Task requirements: When you reach the line containing "Bao da Note", begin reproducing the material exactly, stop after the line containing "Casio Wk-1600 76 Key Keyboard Synthesizer", and leave out any pictures along the way.

Study material:
%%

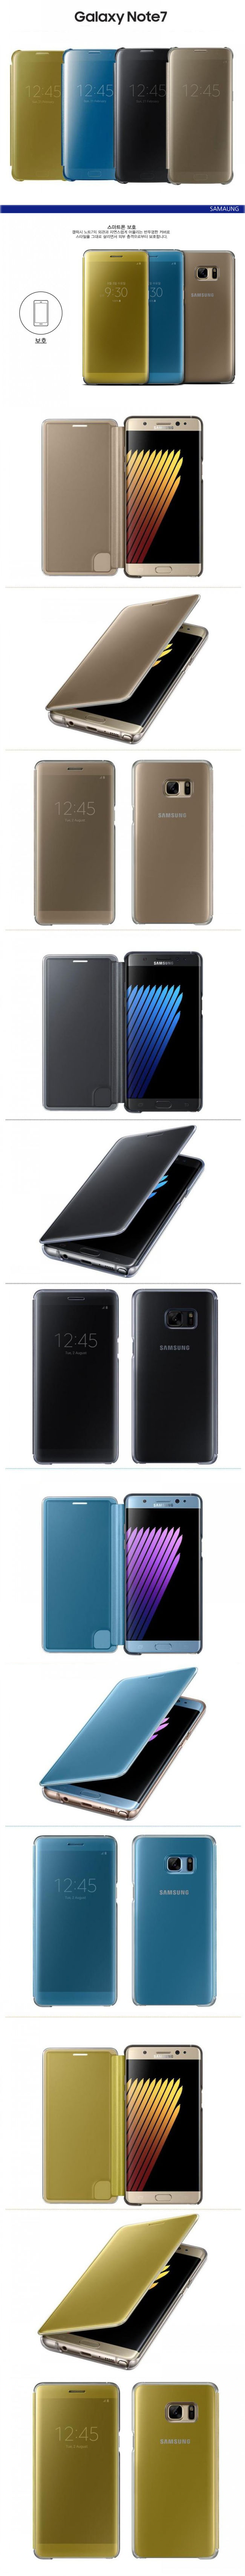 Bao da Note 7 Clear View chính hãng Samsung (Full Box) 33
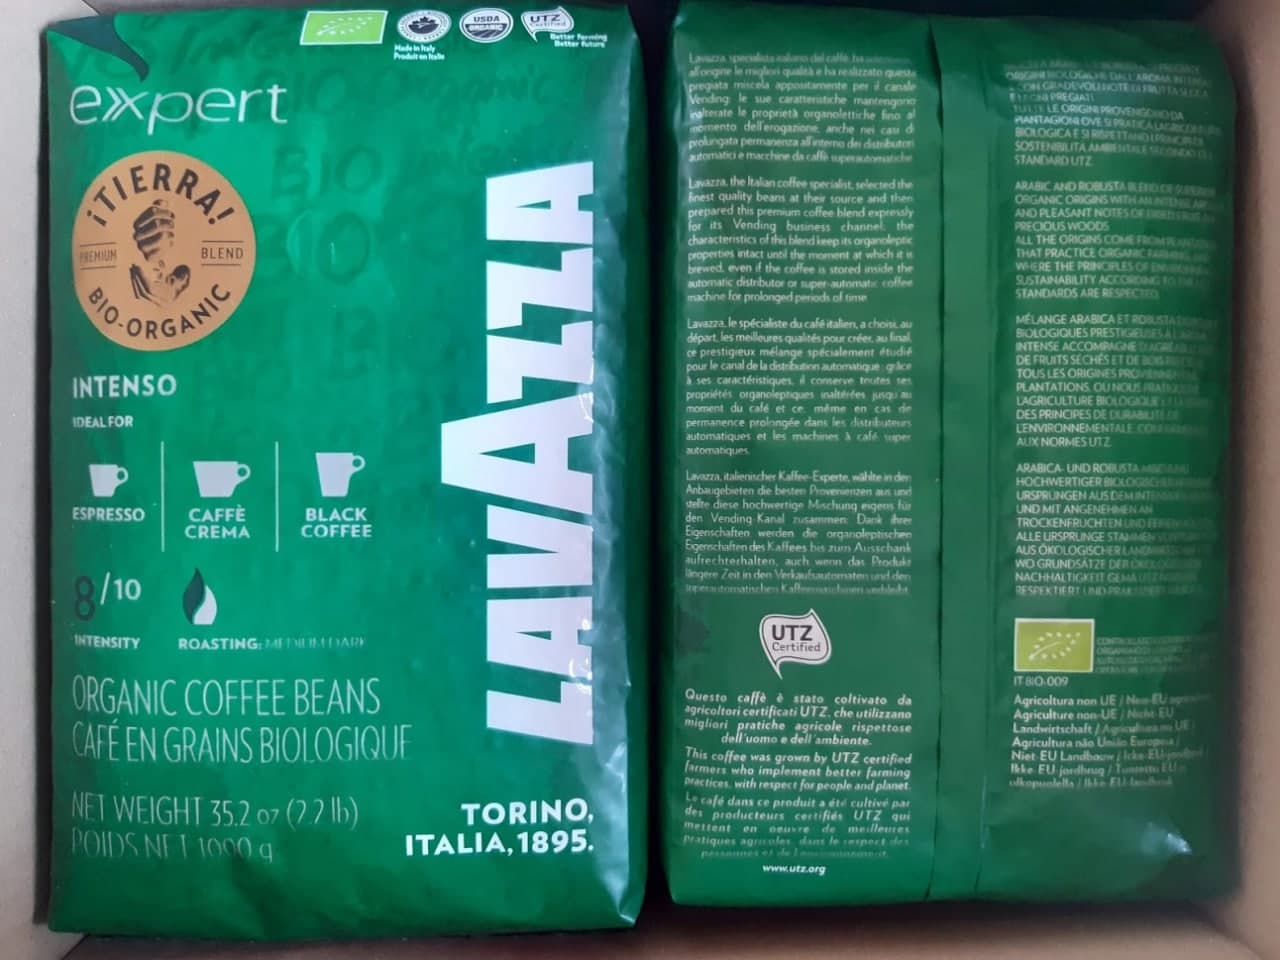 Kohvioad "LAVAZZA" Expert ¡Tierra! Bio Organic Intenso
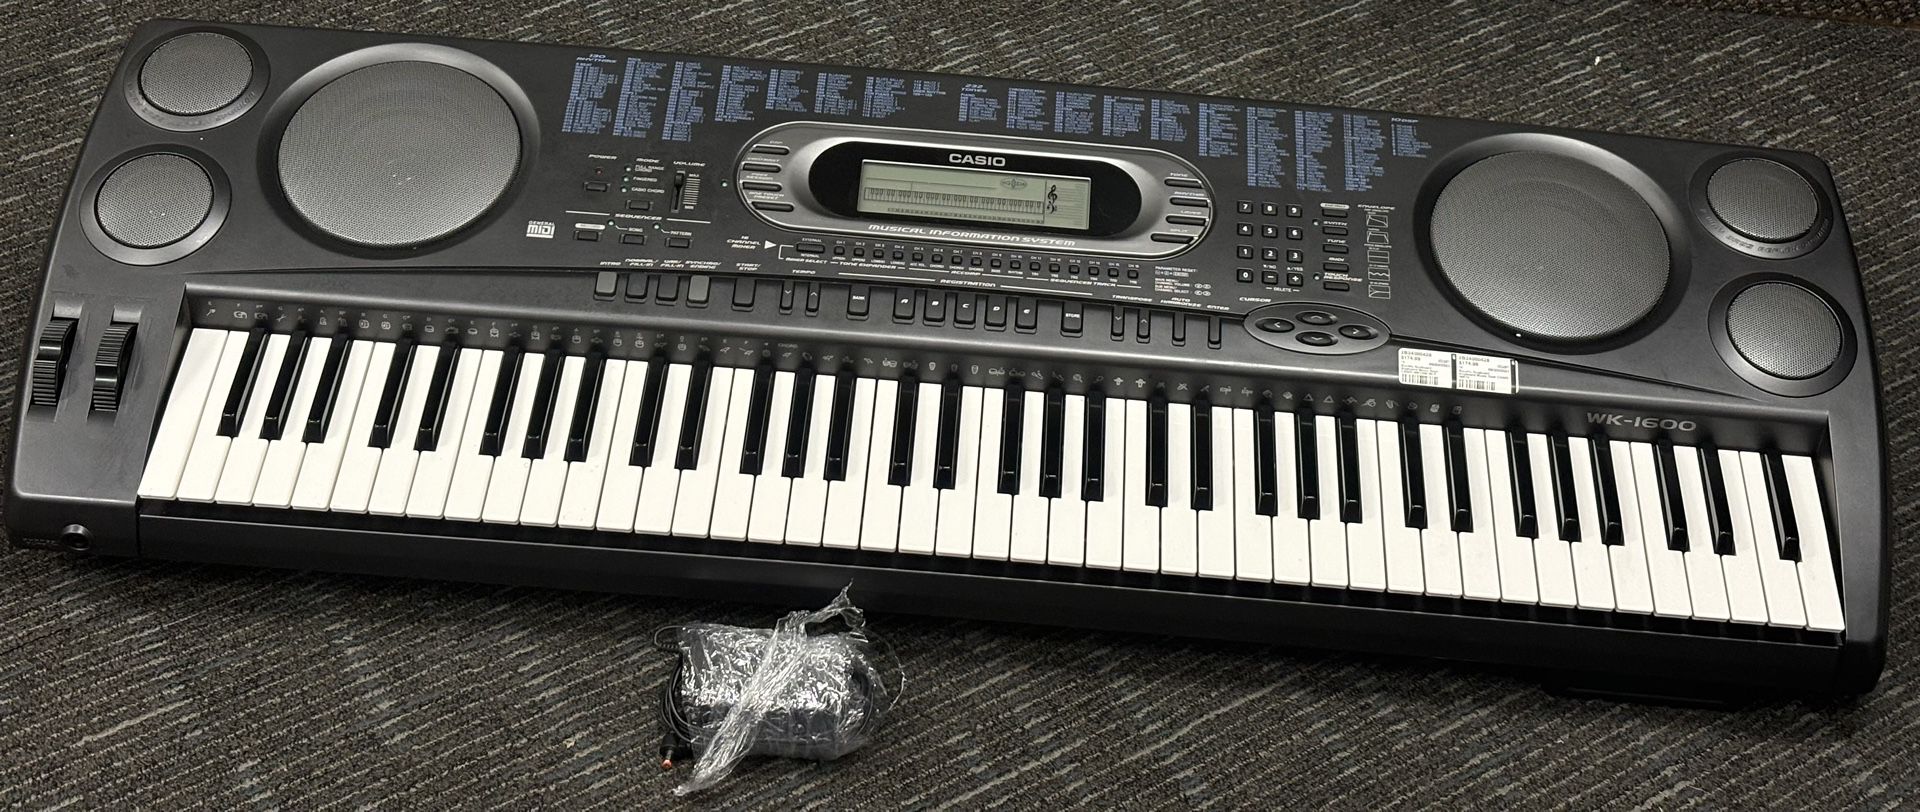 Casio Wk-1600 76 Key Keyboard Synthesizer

%%
%%

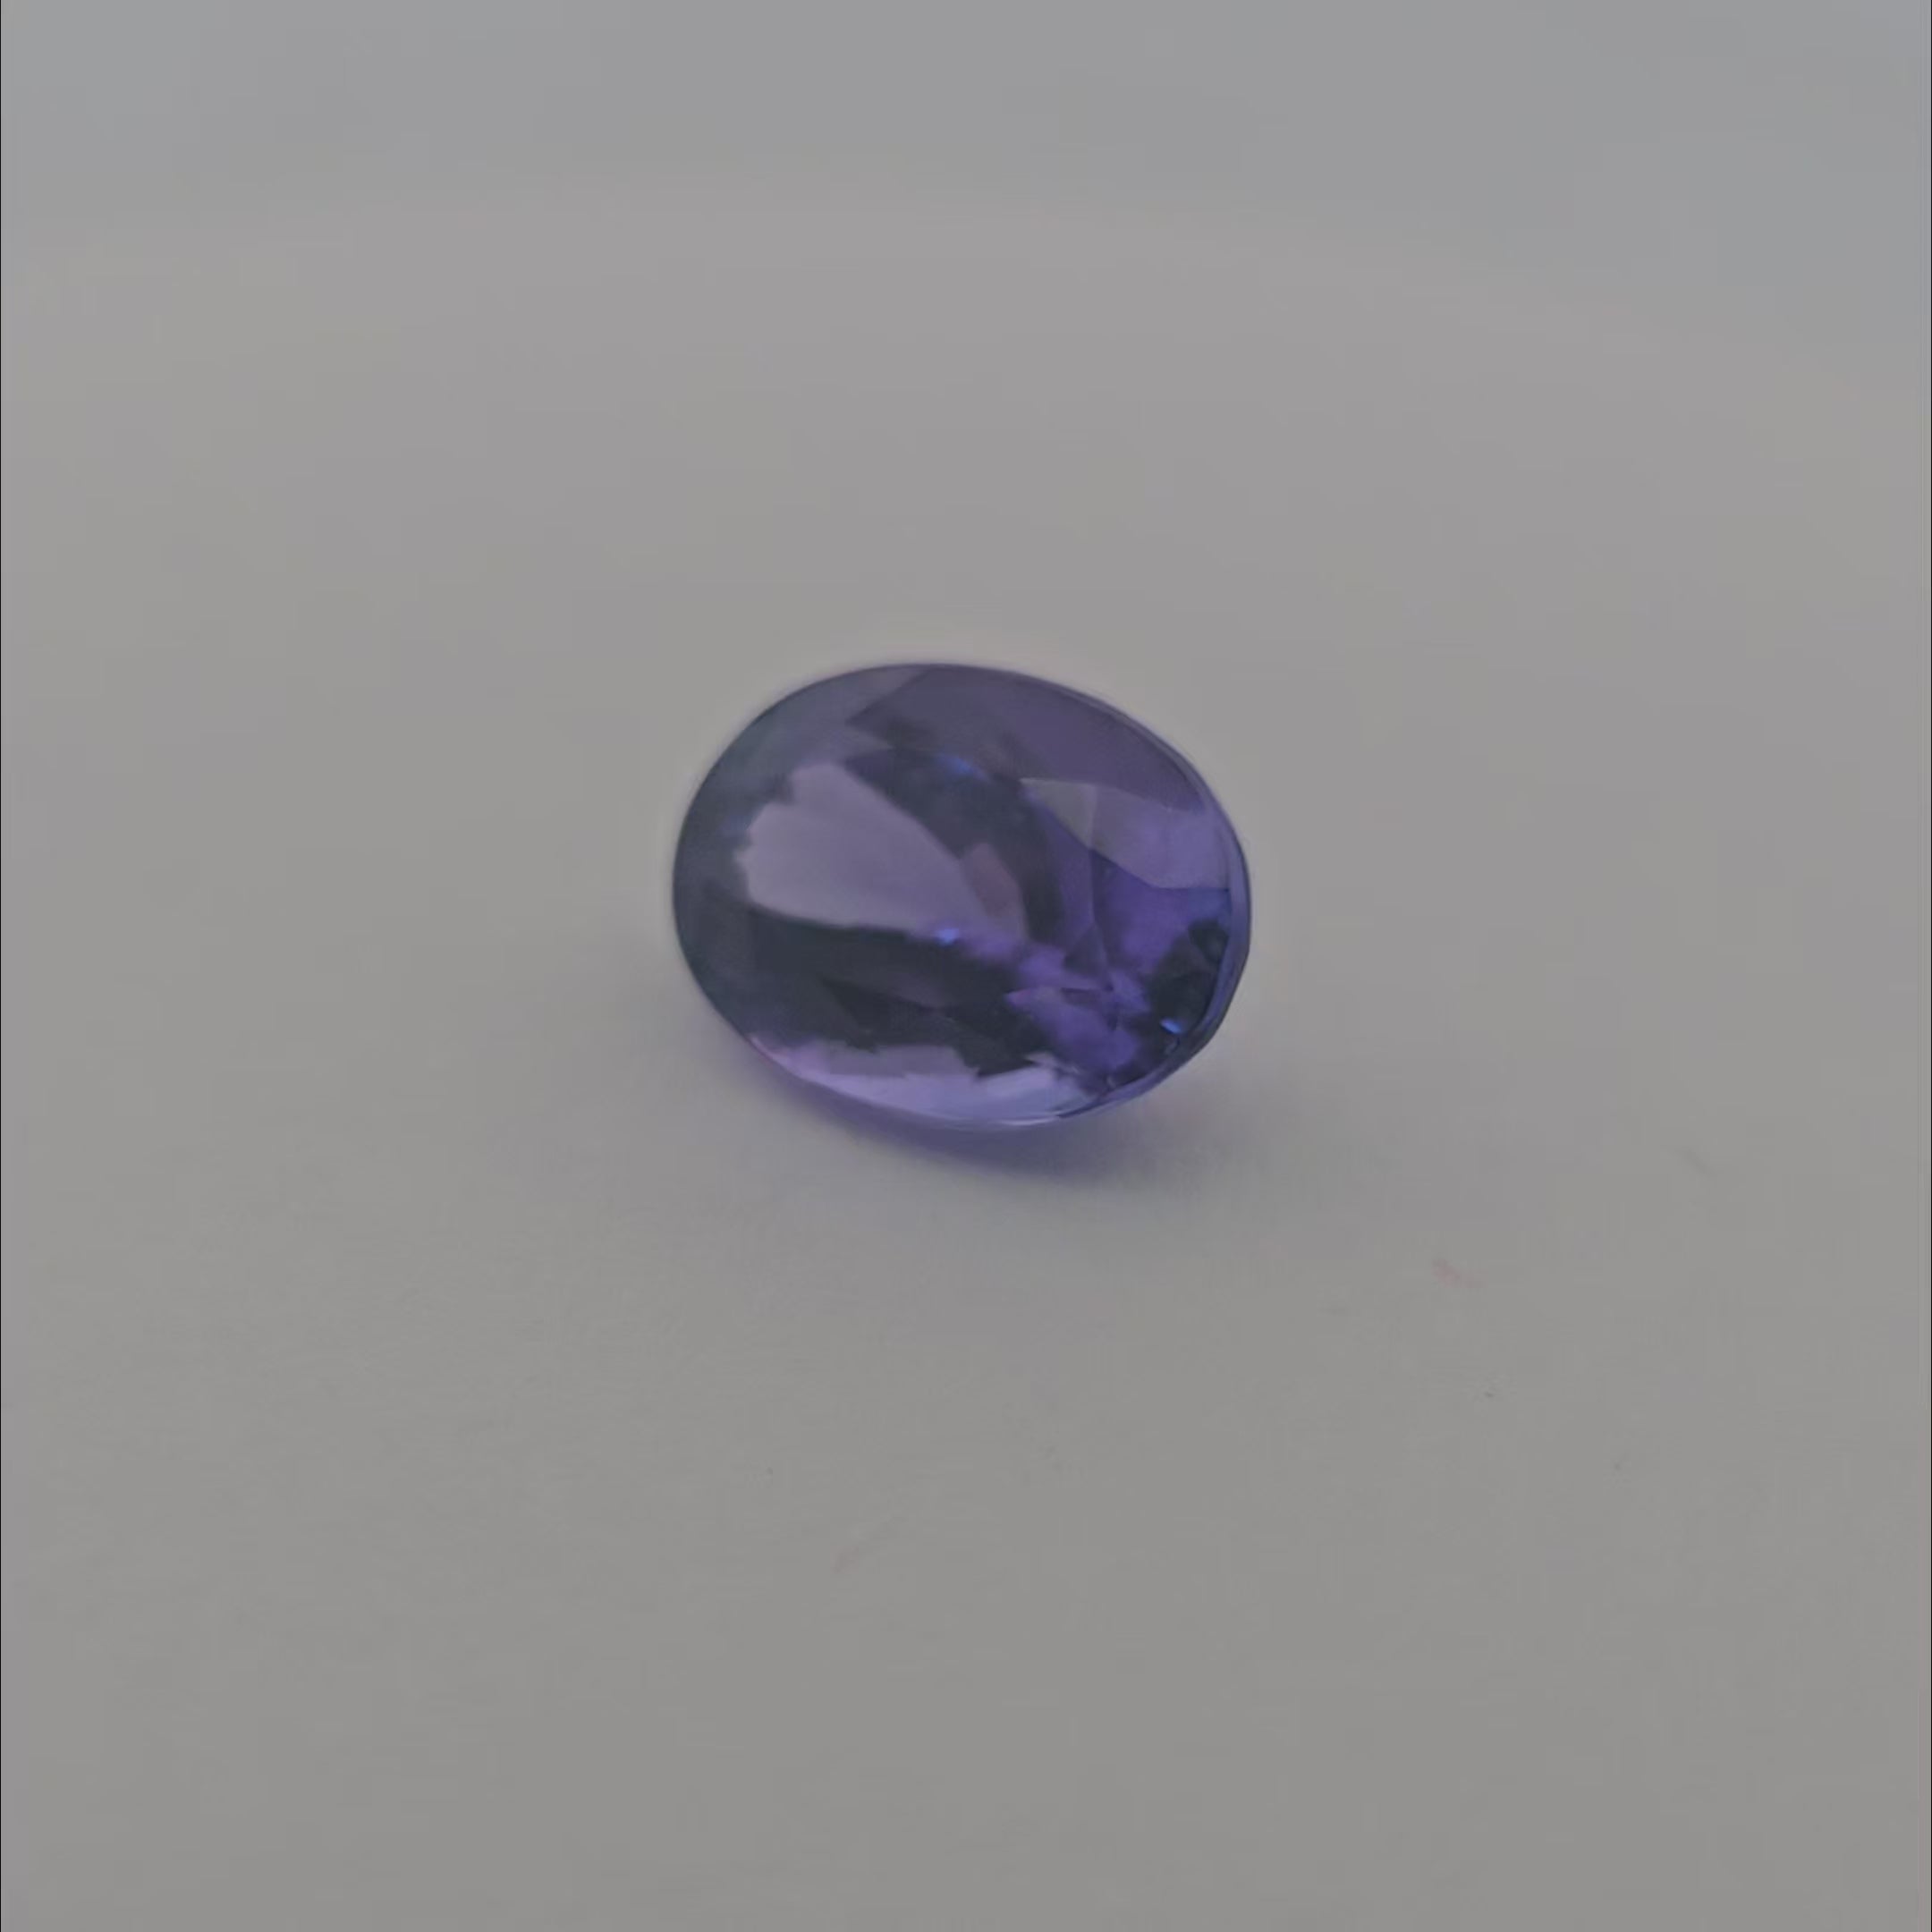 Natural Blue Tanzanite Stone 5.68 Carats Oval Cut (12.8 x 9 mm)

%%
%%

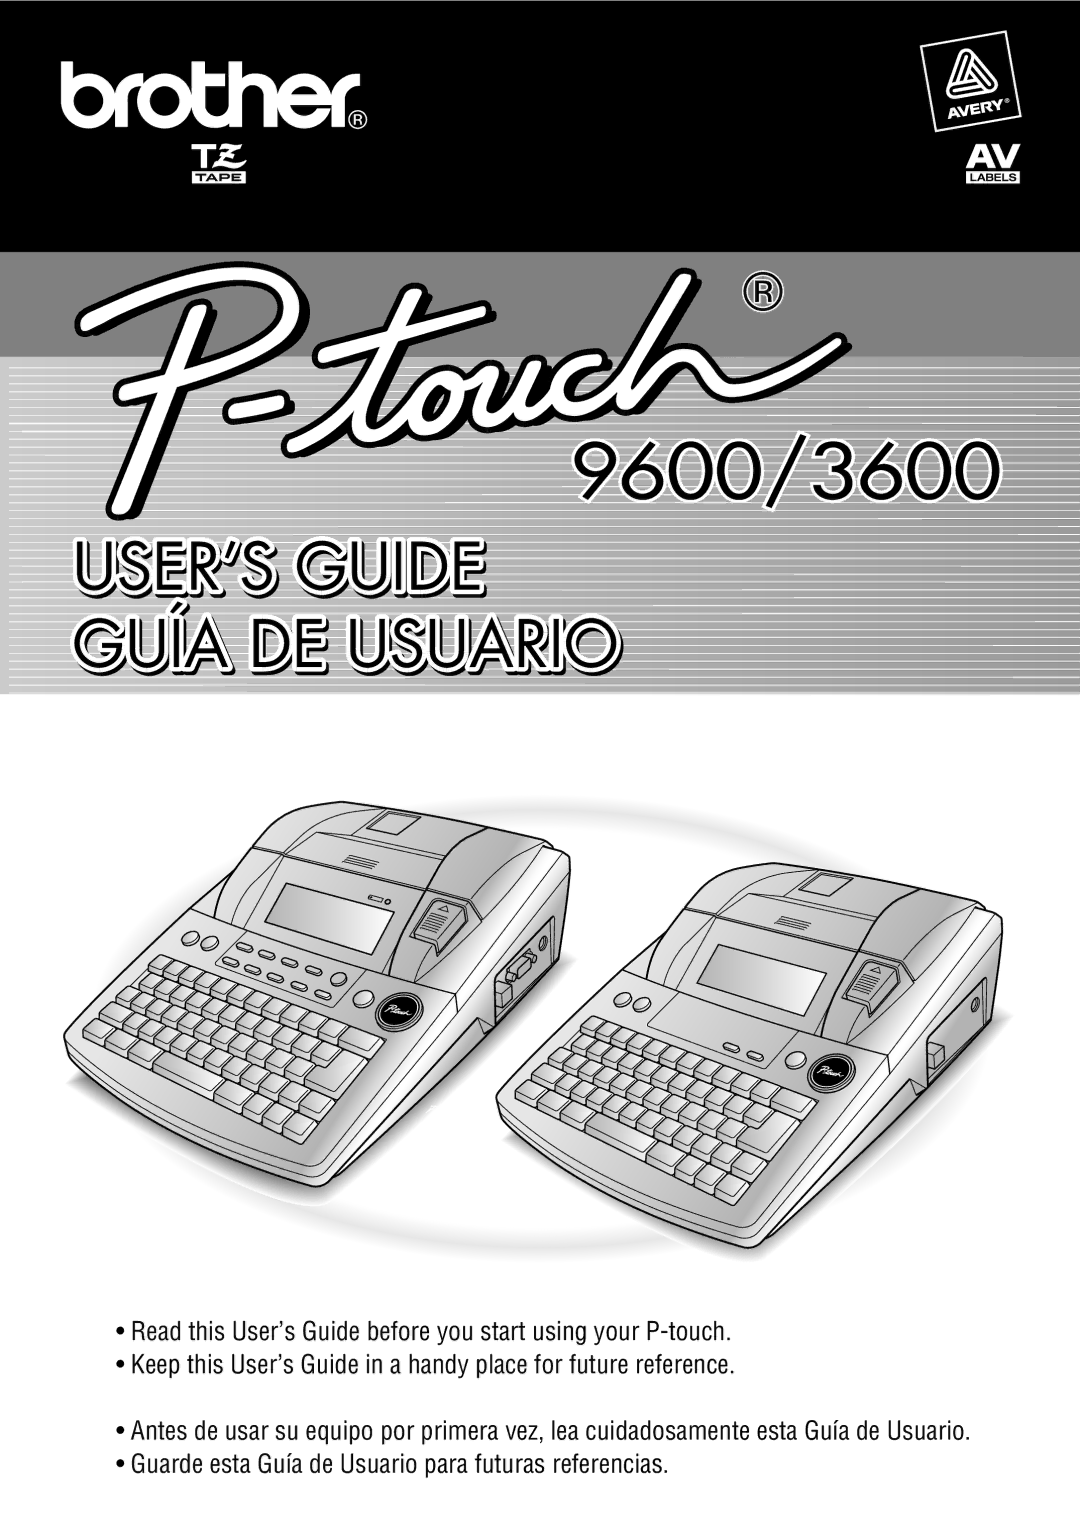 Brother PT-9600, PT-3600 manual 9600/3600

%%

Solved problem:
 Bao da Note 7 Clear View chính hãng Samsung (Full Box) 33
 Kohvioad "LAVAZZA" Expert ¡Tierra! Bio Organic Intenso
 Casio Wk-1600 76 Key Keyboard Synthesizer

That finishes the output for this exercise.